The pride of an Albanian woman

I’ve been tutoring a judge here in Shkoder (who shall remain anonymous) for about 6 months here, and I can honestly say that she’s taught me just as much as I’ve taught her. Seriously. Sitting down for an hour with her is like being transported back to communist Albania with the passion that she tells stories and explains the intricacies of life back then. I feel like I could write a whole novel and fill them with her stories, but I’ll try not to get carried away. So the other day we were debated the marriage equality laws in America when the coversation took a turn to marriage in Albania way back when. And this is what I learned:

Did you know that during communism they often used a formal to determine the age at which a girl would marry? If you took the age of the man and divided it by 2 then added 7, that should be the age of the woman (well, the maximum). I’m not joking. So this judge’s grandmother was 13 years old when her mother brought her into a room and told her to peak through the key hole at the man in the adjoining room. He was old, with a big gray mustache and a round potbelly. And he would be her husband. They had 13 children, but only 12 survived and only 6 made it past age 20.

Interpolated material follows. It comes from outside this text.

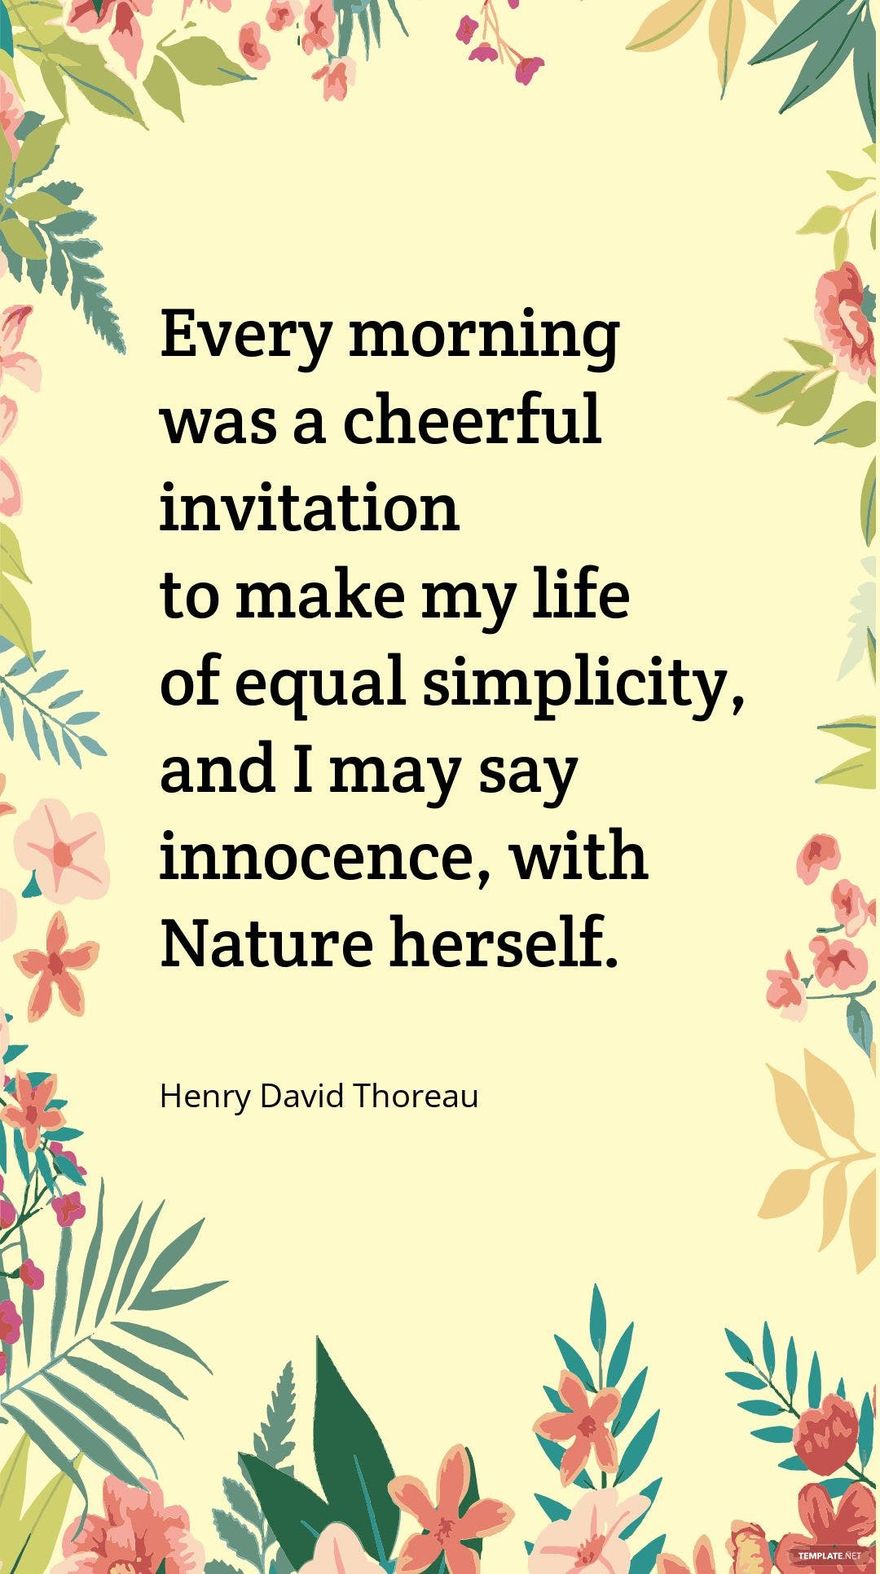 Henry David Thoreau - Every morning was a cheerful invitation to make my life of equal simplicity, and I may say innocence, with Nature herself.

During communism the government gave families and extra monthly stipend for every 8 children they had, so at least they enjoyed that luxury for awhile. But of course, her husband died while her children were still young and she was forced to raise them on her own. After World War II ended this wonderful woman went on to be one of the first women in Shkoder to hold a job outside of her home. She went to work at a kindergarten and a village orphanage just to earn the equivalent of $30 a month with which to feed her family.

 

When a woman marries a man in Albania, she goes to live at his house with his family. And if he dies before her, sometimes she can bee freed (if his family is an honorable one). She can be allowed to return to her house with her respective family and even take the children with her, but not the sons. Or her late husband’s family can offer to marry her to another brother, if they are lucky enough to have multiple boys of age. And she would be honored to accept the offer. This way she can continue to live with her children under the guardianship of her late husband’s family.

But this amazing woman was so enamored with her late husband that she wanted to honor him in death by remaining loyal, so she decided to go it alone. She would not remarry. Instead, she survived Italian occupation, German occupation, World War I, World War 11, and a 50 year communist dictatorship. All on her own. Simply amazing.

Stories like these are the reason I’m so thankful to be living and working where I am. These people are so in touch with their history and where they came from. They are so appreciative of every little thing they have. And they never turn up their nose or sneer at their neighbors who have less. Because they still remember when…

 

“It’s not better. It’s not worse. It’s just different.”